As usual, Credal makes connecting data from these systems easy with our Snowflake Connector. Just a few clicks and your structured data is available for querying:

With that complete, any company-approved LLM can now access this data on behalf of an authorized user. Each call transcript is treated as a piece of context potentially relevant to any given user question. Together, all the call transcripts are considered a “collection”.

A user can now configure a Copilot to use one of these collections as a source to search through for relevant context.

Now when a user asks a question, they can specify if they want to use a specific transcript, this entire collection, or even the entire universe of data at the enterprise - as a source for the relevant information for this problem.

When Credal passes the data to the LLM, we’ll pass not just the transcript of the call itself, but also the relevant context (which customer, what date, etc). That makes it much more likely that more sophisticated questions will be answerable.

Challenge 2: Managing permissions to the underlying data

Call transcripts sound simple enough, but it gets tricky when they’re permissioned.

For example, say it’s a call with government officials; who gets access to that, and how do we make sure the LLM respects those permissions when searching those transcripts? Almost 25% of our customer base are organizations that sell to governments, who have high-bar data processing requirements, so this is an essential requirement for those kinds of businesses.

There’s a few different approaches you can take to managing this kind of information.

The simplest is mirroring permissions: if the data is largely in a CRM like Salesforce, you can simply have Credal mirror the source permissions of the data in Salesforce. That way Credal will reach into Salesforce, figure out who has access to what data at Salesforce, and then automatically provision access in Credal according to the same rules.

This gets a little more complicated when the data in Salesforce is commingled with data from other tools inside Snowflake.
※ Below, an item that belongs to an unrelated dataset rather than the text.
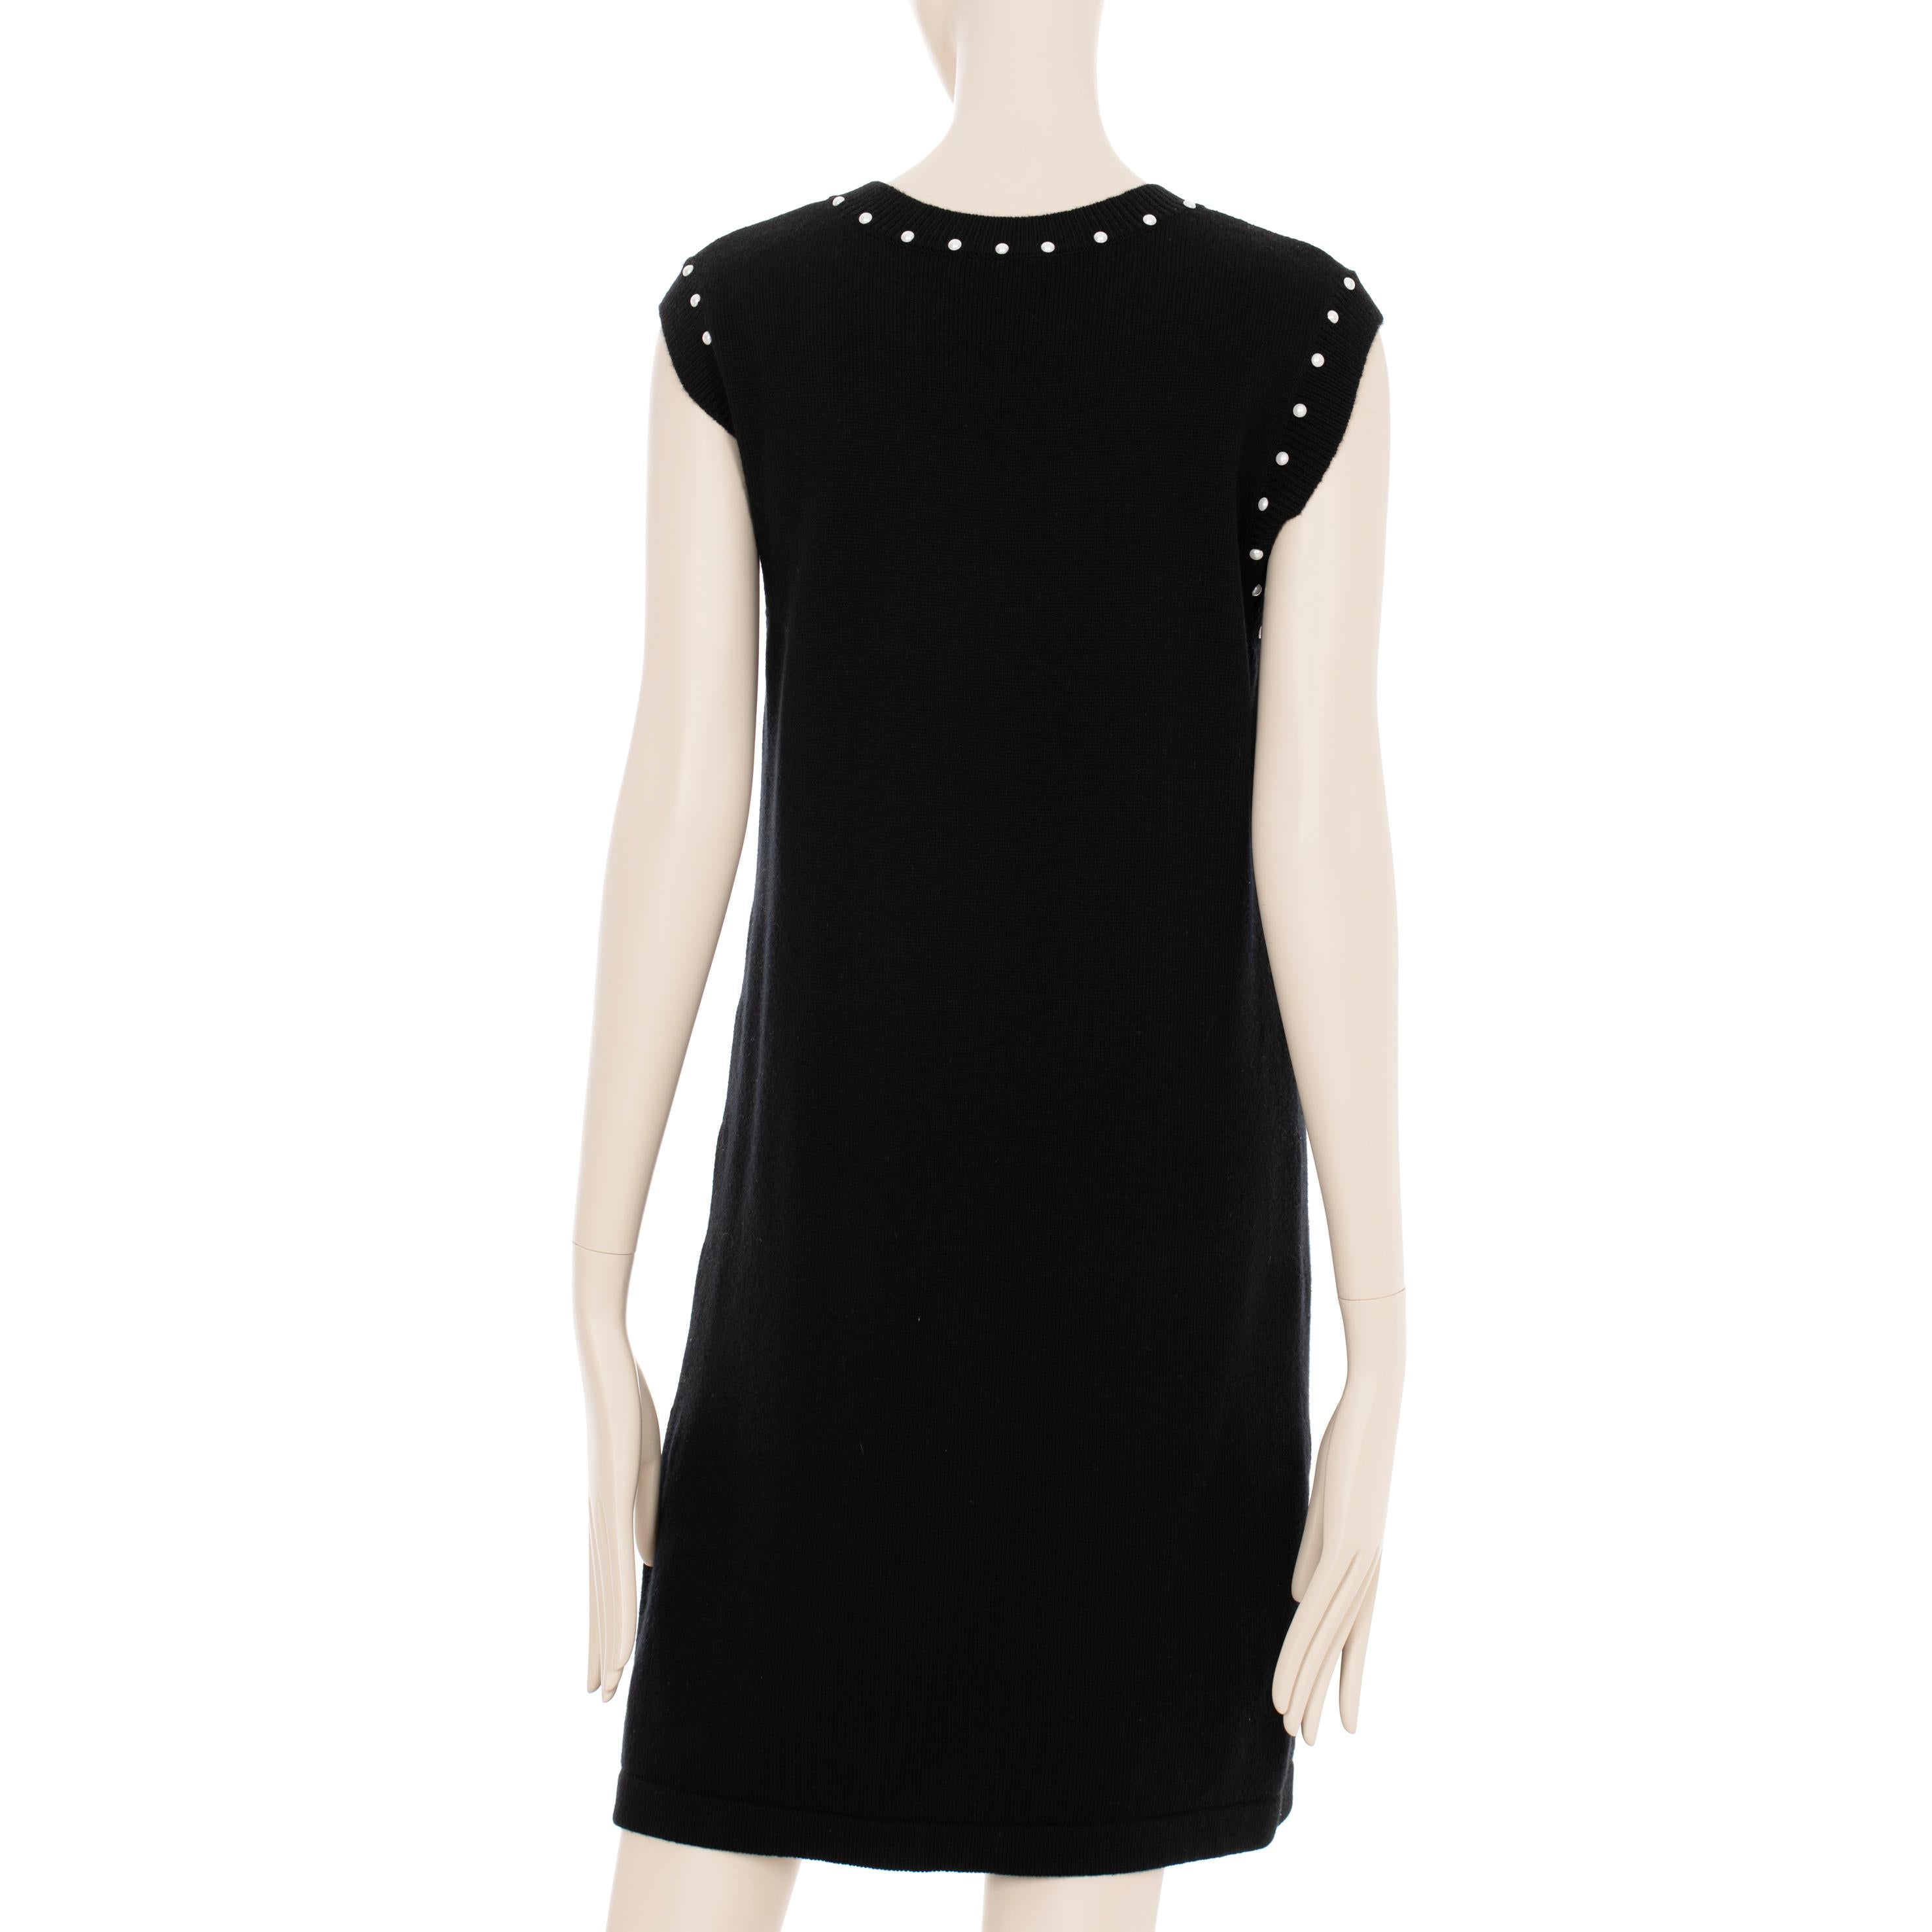 Chanel Black Knit Dress With Faux Pearl Details 40 FR For Sale 3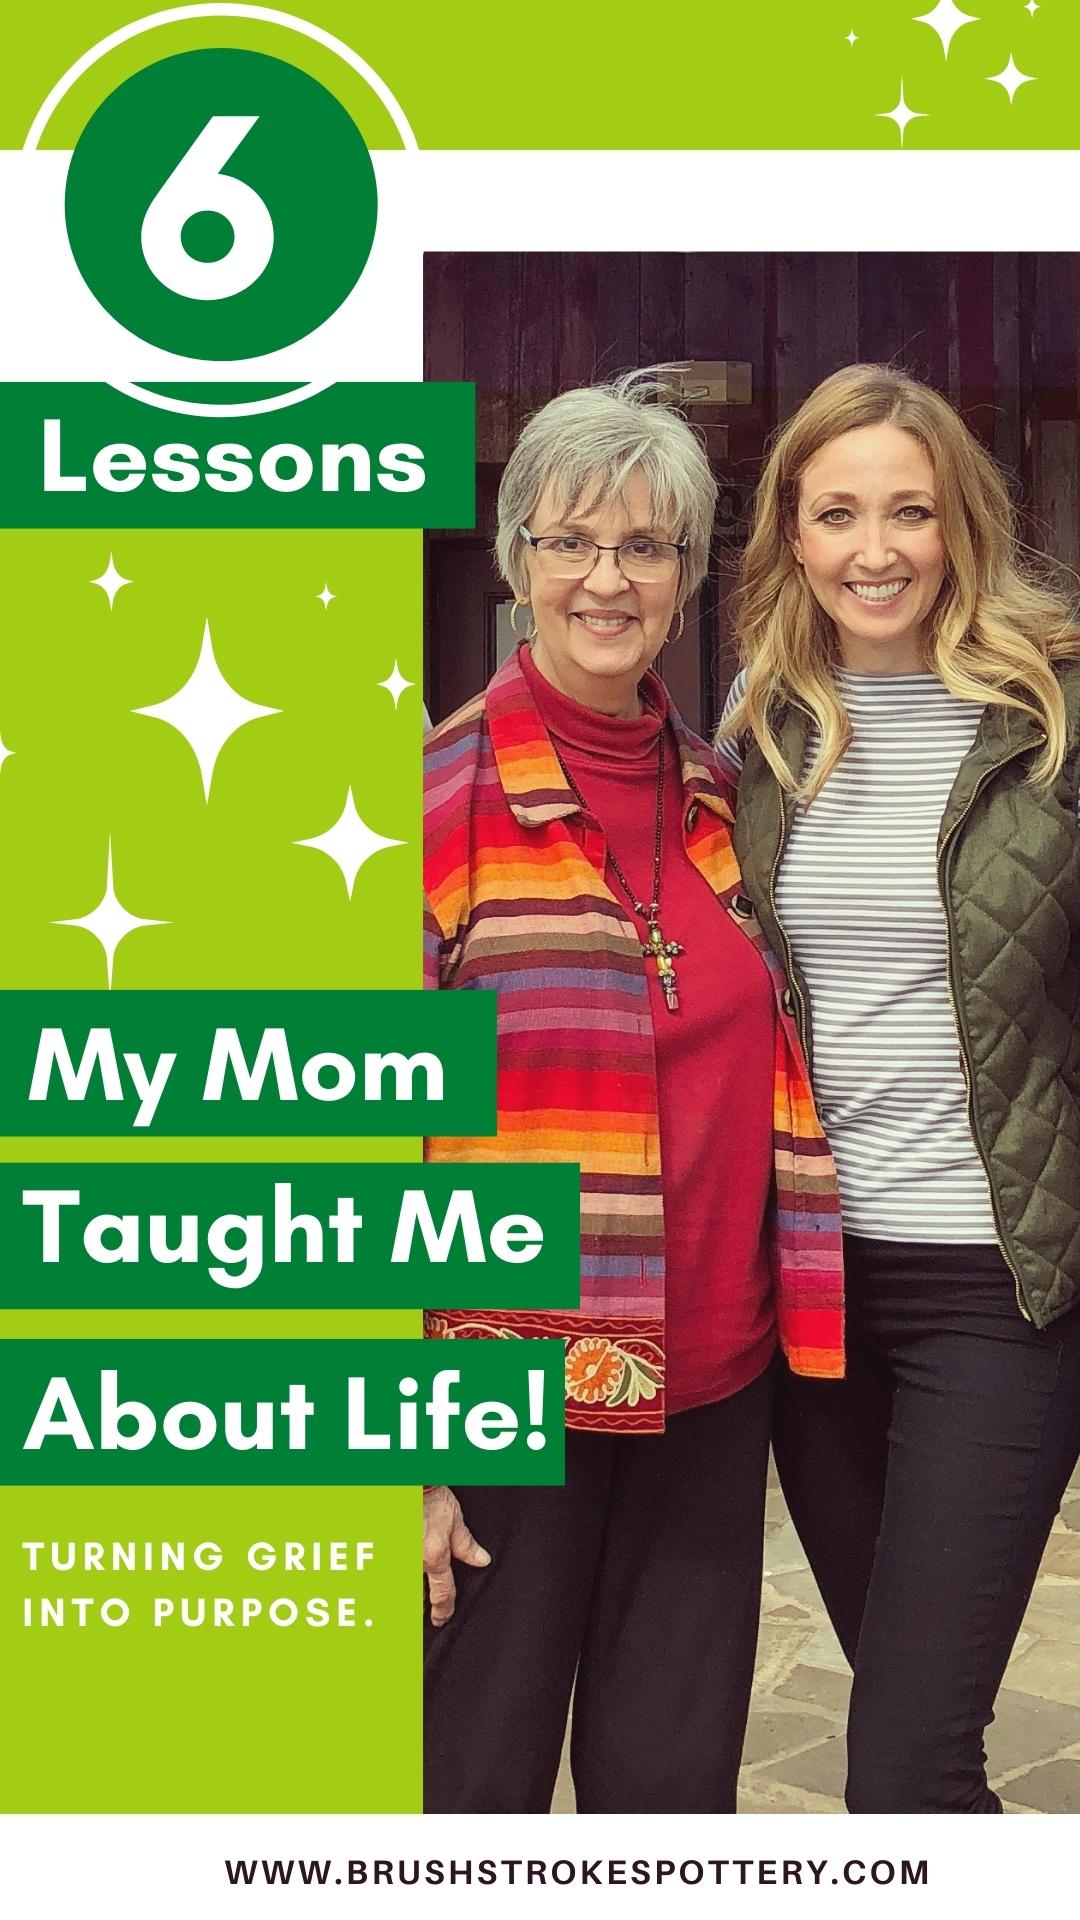 Turning grief into purpose - Lessons from Mom

Often the data in Snowflake is just locked down to developers and the data team, which would be useless in this case, since the point is to expose the relevant data in Snowflake to the product team and sales teams. You want the US product and sales teams to have access to all commercial calls and US government notes, the UK teams to have access to all commercial calls and UK government notes, and so on.

This requires row-level access policies. In Snowflake, the user specifies a column to use to define access policies. This provides a single column with a list of OKTA group ids, that define which people should have access to that data. Now, we can create a group in OKTA called “UK Sales team”, and a group called “US Sales Team”, and a similar one for the product teams. From here, we tell Credal to use that column to provision access on a row-by-row basis (aka, row-level RBAC). When a user changes role, they’ll be moved out of the OKTA group and immediately lose access to the data in Credal. Magic!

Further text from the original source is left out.